Norm-Based Activation

class e3nn.nn.NormActivation(irreps_in: Irreps, scalar_nonlinearity: Callable, normalize: bool = True, epsilon: float | None = None, bias: bool = False)[source]

Bases: Module

Norm-based activation function Applies a scalar nonlinearity to the norm of each irrep and ouputs a (normalized) version of that irrep multiplied by the scalar output of the scalar nonlinearity. :param irreps_in: representation of the input :type irreps_in: e3nn.o3.Irreps :param scalar_nonlinearity: scalar nonlinearity such as torch.sigmoid :type scalar_nonlinearity: callable :param normalize: whether to normalize the input features before multiplying them by the scalars from the nonlinearity :type normalize: bool :param epsilon: when normalize``ing, norms smaller than ``epsilon will be clamped up to epsilon to avoid division by zero and

NaN gradients.
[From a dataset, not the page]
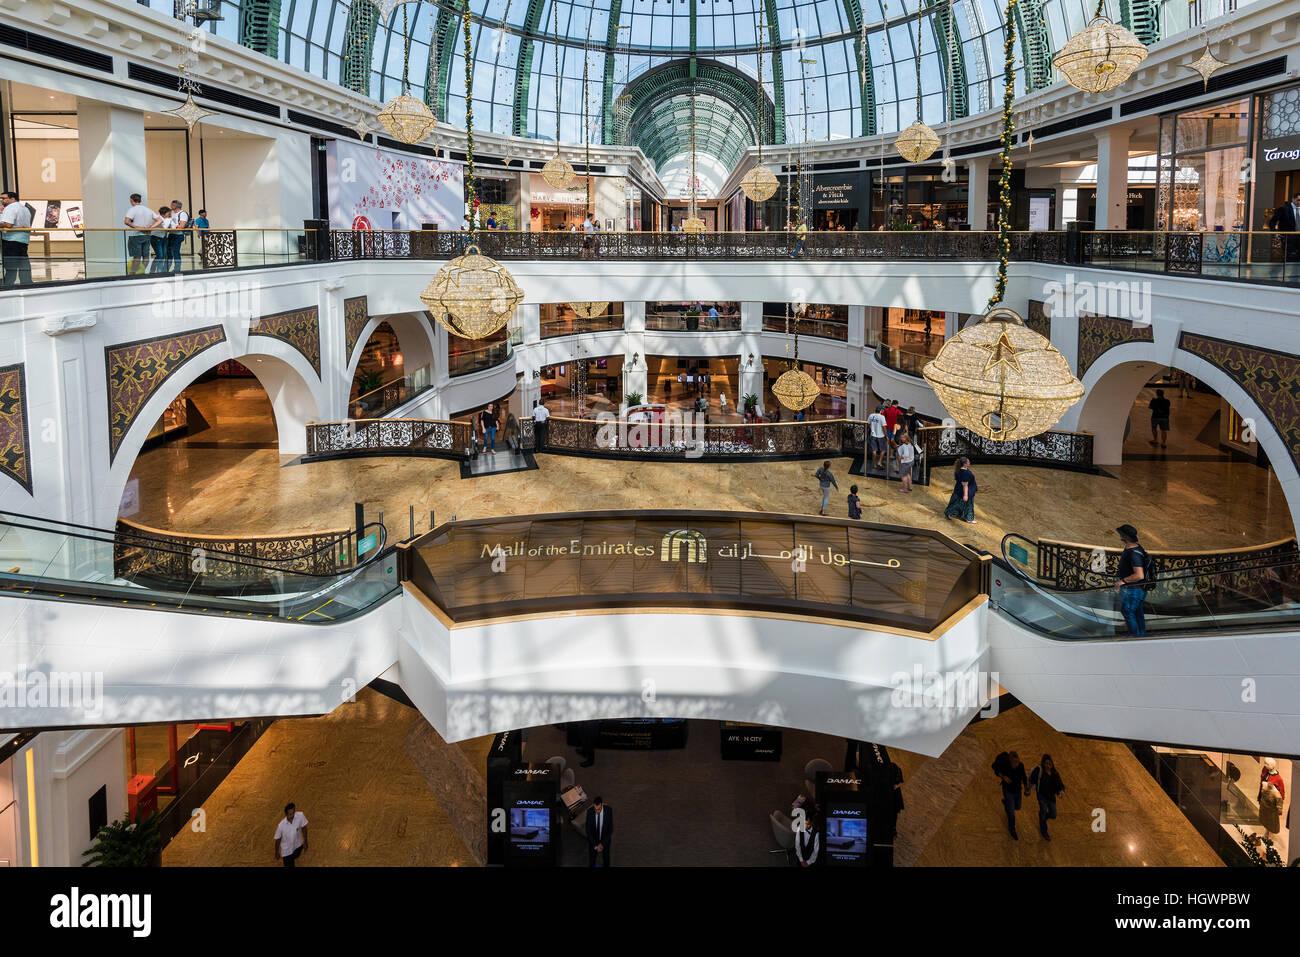 Mall of the Emirates shopping mall, Dubai, United Arab Emirates - Stock Image

Not allowed when normalize is False.

Parameters:

bias (bool) – whether to apply a learnable additive bias to the inputs of the scalar_nonlinearity

Examples

>>> n = NormActivation("2x1e", torch.sigmoid)
>>> feats = torch.ones(1, 2*3)
>>> print(feats.reshape(1, 2, 3).norm(dim=-1))
tensor([[1.7321, 1.7321]])
>>> print(torch.sigmoid(feats.reshape(1, 2, 3).norm(dim=-1)))
tensor([[0.8497, 0.8497]])
>>> print(n(feats).reshape(1, 2, 3).norm(dim=-1))
tensor([[0.8497, 0.8497]])

Methods:

forward(features)

evaluate :param features: tensor of shape (..., irreps_in.dim) :type features: torch.Tensor

forward(features)[source]

evaluate :param features: tensor of shape (..., irreps_in.dim) :type features: torch.Tensor

Returns:

tensor of shape (..., irreps_in.dim)

Return type:

torch.Tensor